Homework 2

This homework will have several parts.

Part 1: Inverted Index Construction

Here is a tab-delimited file containing a very small set of tweets. Each line is a document; the first field is the document ID, and the second is a tweet. You will write a program in the language of your choice to build an inverted index of these documents. You may use the approach described in the Manning book, or you may come up with your own algorithm.

What to turn in: your commented code, as well as print-out of the postings for all terms beginning with the letter "a".

Part 2: Merge algorithm

Implement the merge algorithm for intersecting the postings of two terms, as well as code to use it to process simple Boolean queries. When there are multiple query terms, make sure that your algorithm uses the optimization described in Manning, et al. Chapter 1 of performing the most restrictive intersection first.

Using your algorithm and the index you built in part 1 of the Twitter data, process the following queries:

What to turn in: your commented code, as well as the list of document IDs matching each query.

Part 3: Scoring

Extend your system from part 2 to perform simple TF-IDF scoring of the retrieved results. For this data set, there is no need to worry about any weight normalizations.

What to turn in: your commented code, the sorted list of document IDs matching each of the queries from part 2, and a sentence or two about whether you think the sorting makes sense in this case.

Part 3: Larger data, and zone indexing

In this file, you will find a file containing data from approximately 100,000 PubMed Central articles. Each line of the file is an article, and each article is represented as a JSON object. Each article has a title, an abstract, a unique identifier (its PubMed ID, or PMID), and bibliographic metadata (a list of authors, journal publication info, etc.).

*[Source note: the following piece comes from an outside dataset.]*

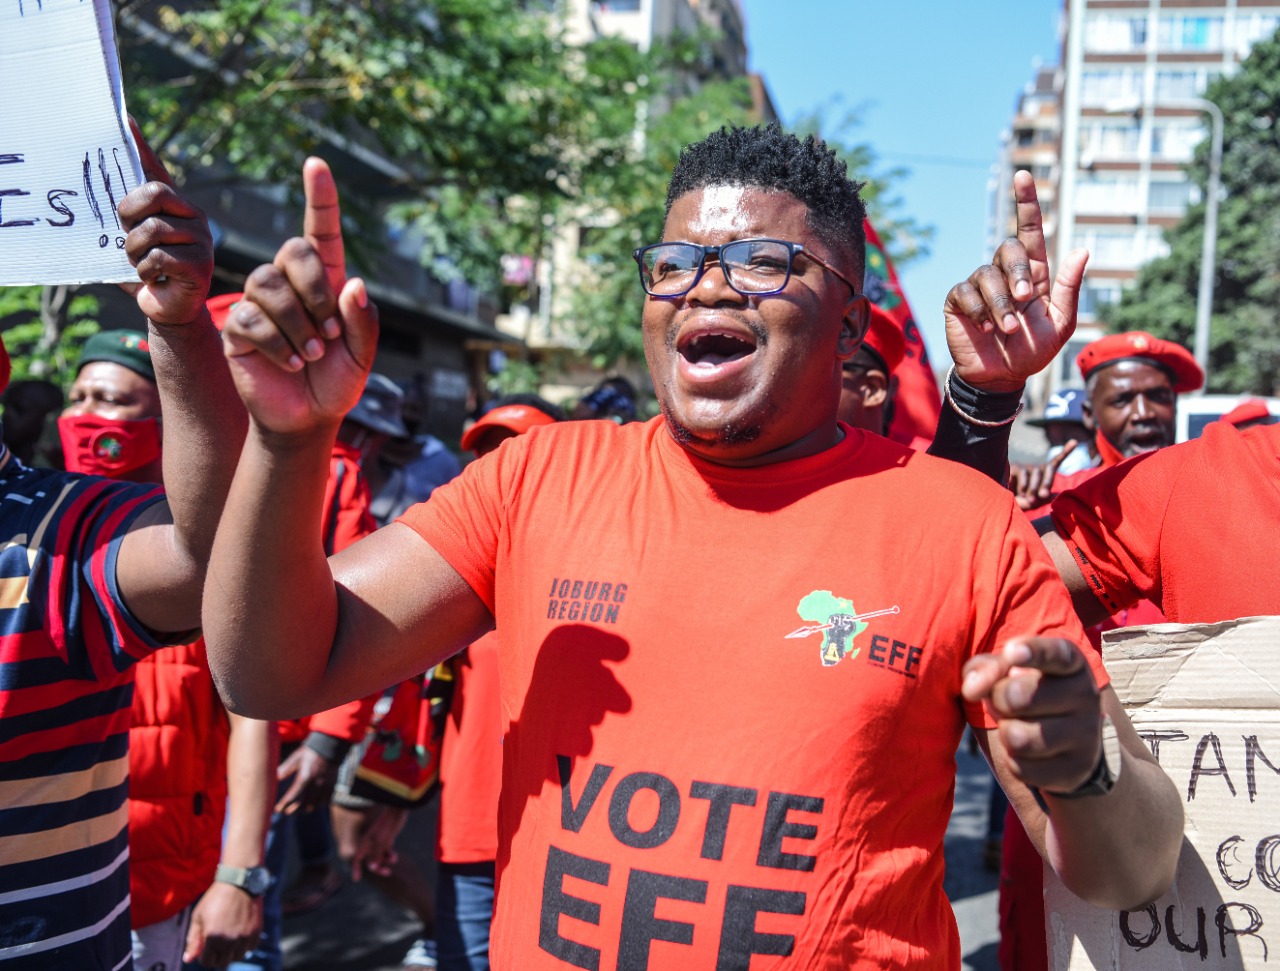 EFF pickets outside Hillbrow police station as they lay charge against Pravin Gordhan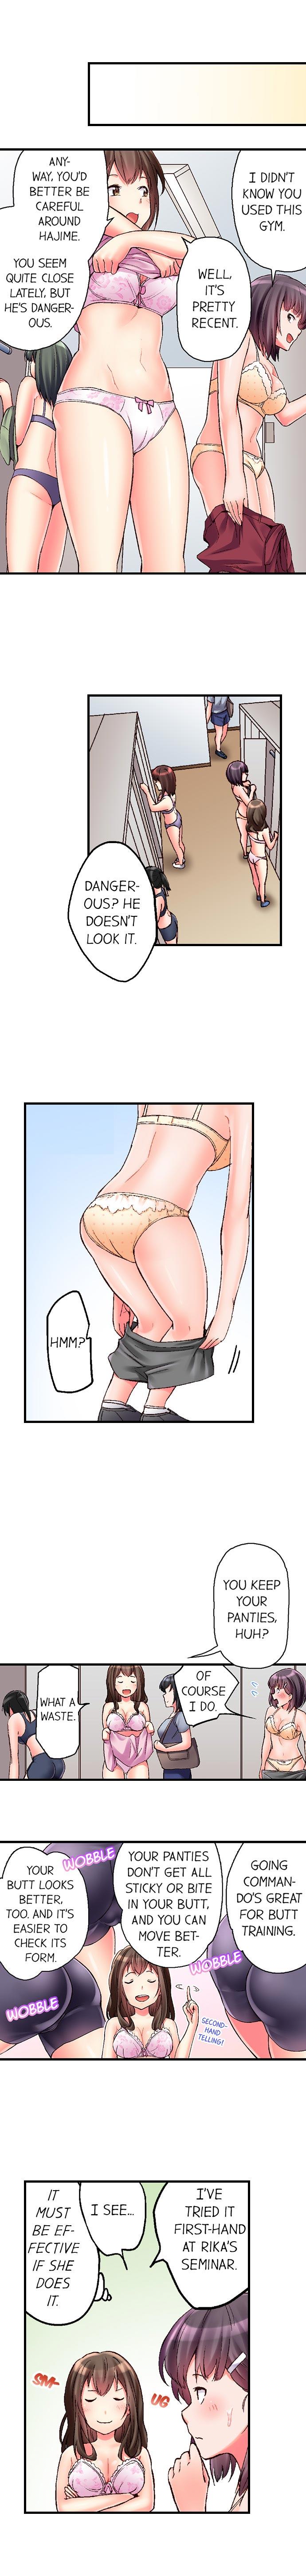 No Panty Booty Workout! Ch. 1 - 12 85

For this part of your assignment, run your algorithm on this larger data set, indexing both titles as well as abstracts, but doing so using the zone indexing technique described in Chapter 6 of Manning, et al., and again performing simple TF-IDF scoring. You may choose for yourself whether to encode zones in the term list or in the posting lists. Extend your merge algorithm to allow users to specify whether they want a term to appear in the title or the abstract.

Process the following simple Boolean queries:

What to turn in: Your commented code, the number of document IDs (PMIDs, in this case) that your system found for each query, along with the list of results, and a few sentences describing your approach and anything interesting you found along the way.

Part 4: Lucene

Lucene is an open-source IR toolkit written in Java. It is extremely powerful and flexible. It is also very well documented. I have written a very simple Lucene program that will do the most basic possible index of our PubMed Central articles, and that can handle very basic queries.

Your task will be to take my simple program, and modify it in the following ways:

  1. My program uses the default StandardAnalyzer, which only does case folding and English stopword removal. Lucene comes with a more sophisticated analyzer, the EnglishAnalyzer. Like the StandardAnalyzer, the EnglishAnalyzer does case folding and so on- but it also does stemming, handles possessives better, and so forth. Figure out how to use it in place of the StandardAnalyzer.
  2. Currently, my program only indexes titles. Extend it to index abstracts as well as author last names. This will require a little bit of monkeying around in the data, in order to figure out how the names are being stored.
  3. What the Manning book calls weighted zone scoring, Lucene calls field-level boosting. Set up the program to give the title field twice the weight of the abstract field. Hint: look in the documentation for org.apache.lucene.document.Field for ideas on how to do this!
  4. Currently, my program uses a very basic query parser- org.apache.lucene.queryparser.classic.QueryParser. Lucene provides a much more advanced and flexible query parser, org.apache.lucene.queryparser.simple.SimpleQueryParser. Figure out how to swap SimpleQueryParser in to the program in place of plain ol' QueryParser, and play around with its capabilities.
Believe it or not, most of these are very minor changes— that being a big part of Lucene's appeal!

Here is the simple program. When you extract it, you will find a .java file containing the program itself, a directory containing the necessary .jar libraries, and a shell script that will compile and run the program. The shell script takes three arguments:

  1. should_clear_index: whether to rebuild the index (1), or to use an existing one (0).
  2. path_to_data: the path to the data file from Part 3 of this assignment (data.txt).
  3. path_to_index: a path where you would like Lucene to save its index (or the path of the existing index you would like to search, if should_clear_index is set to 0).

Run the queries from part 3 on your new and improved Lucene program- you might need to adapt them to use the Lucene query syntax (try it without adapting and see what happens!). Run the queries both with and without the zone weighting.

Note that Lucene is written in Java; if you are unfamiliar with Java, this part of the assignment may be challenging. Feel free to come talk to me if you need help getting started!

What to turn in: your commented code, as well as a paragraph discussing your experience working with Lucene. What effect, if any, did the zone weighting have on the search results for the queries? What happened to the result ranking if you weighted the abstracts more heavily than the titles?


Turn in your assignment via email, with "IR HW2" in the title. Assignments are due April 16th.